TO DO: Starting at the line with "La urgencia de la Evangelización", return every line through the final one of the data, word for word. Pictures stay out.

STORED DATA:
◇ ◇ ◇

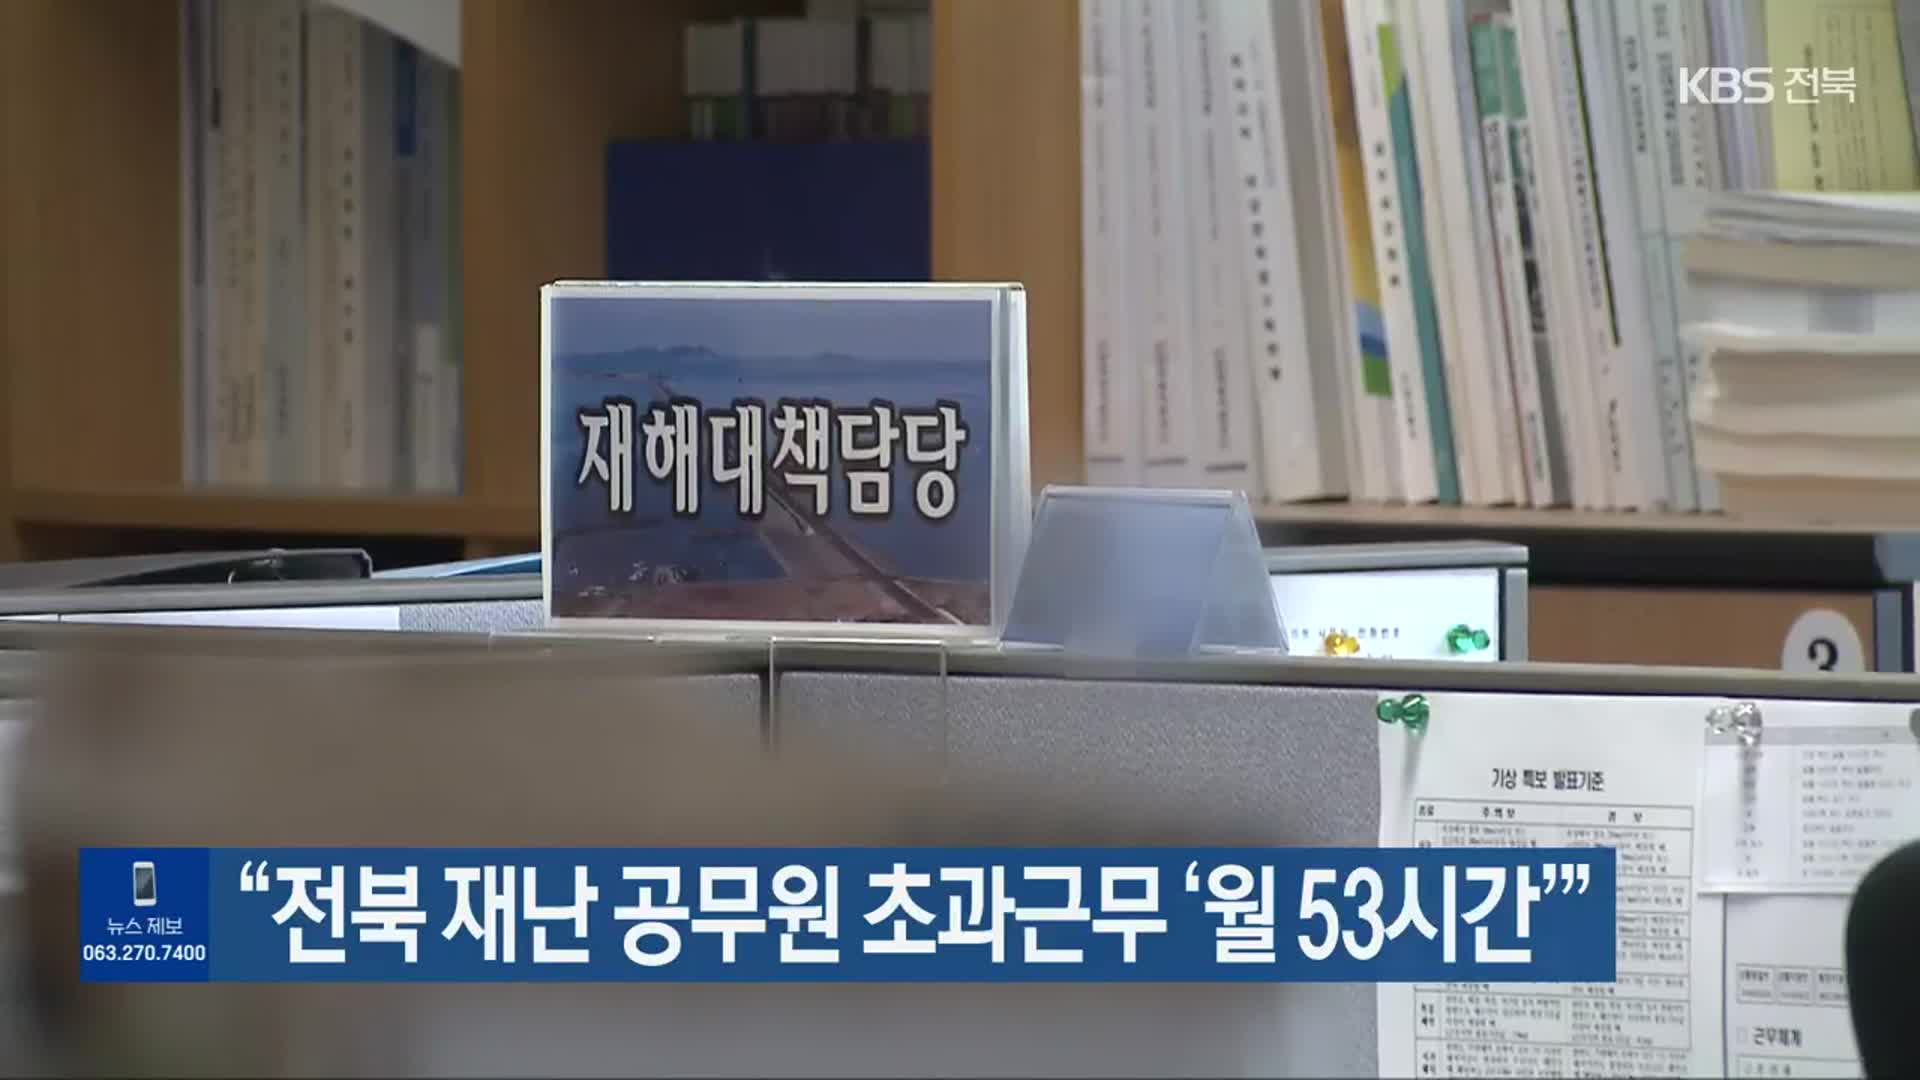 “전북 재난 공무원 초과근무 ‘월 53시간’”
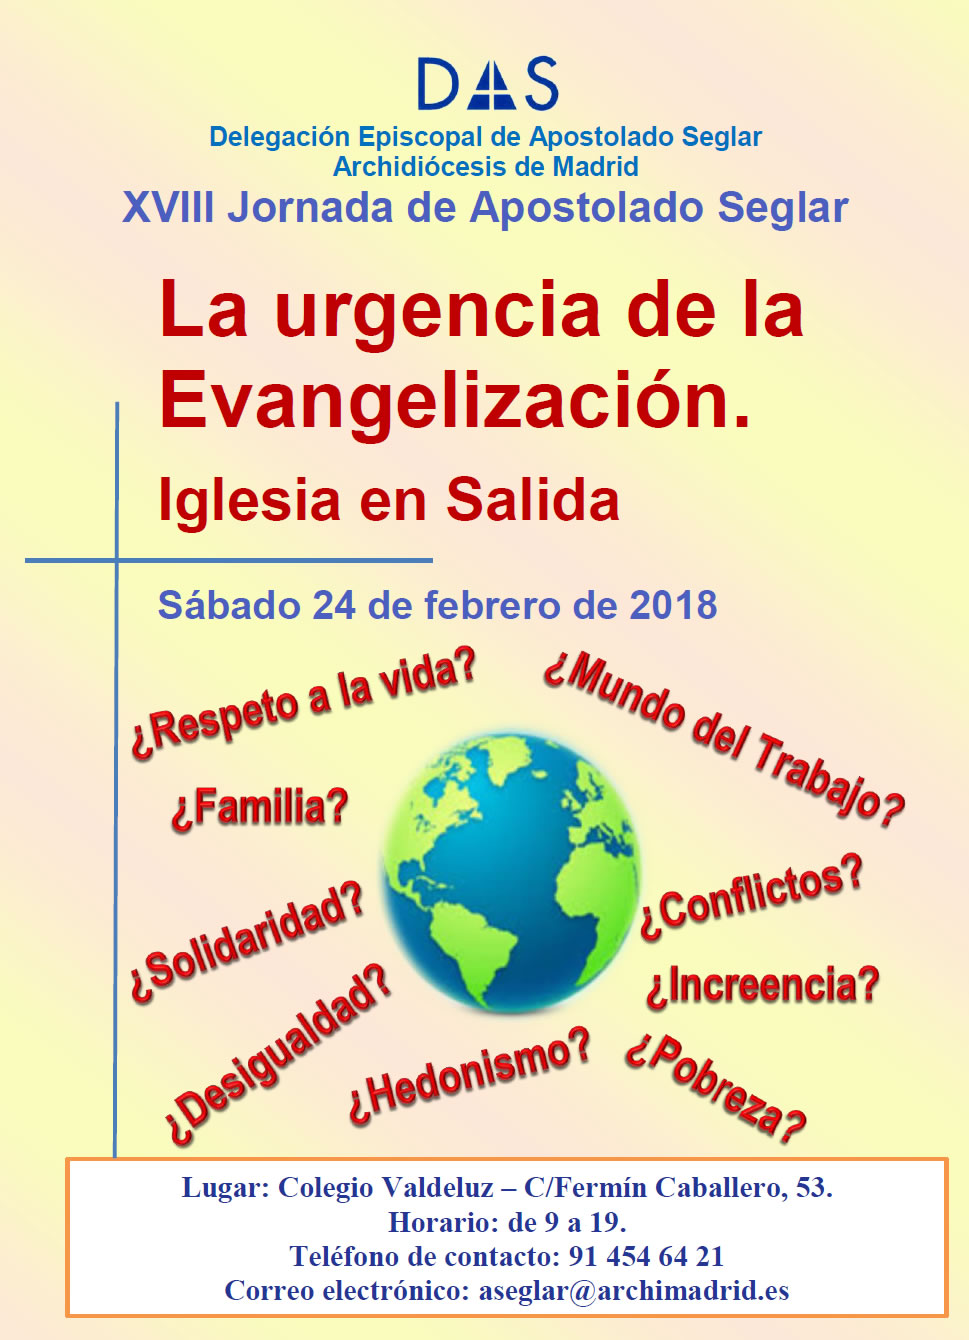 La urgencia de la Evangelización
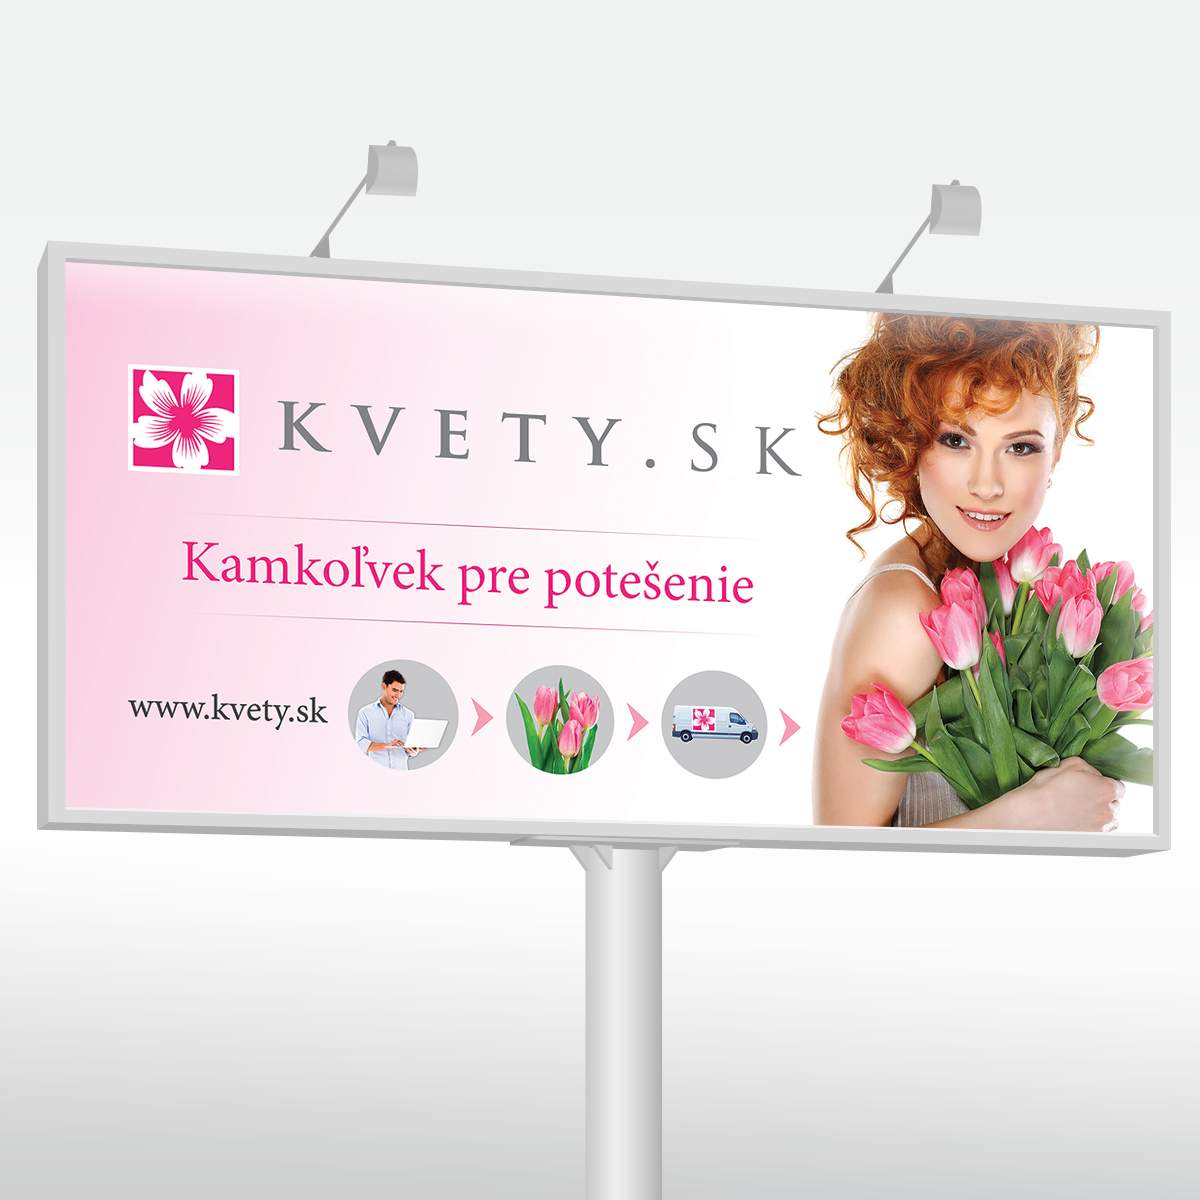 Ideas Innovations - Kvety.sk

◇ ◇ ◇

ANSWER BOX:
 La urgencia de la Evangelización
 Ideas Innovations - Kvety.sk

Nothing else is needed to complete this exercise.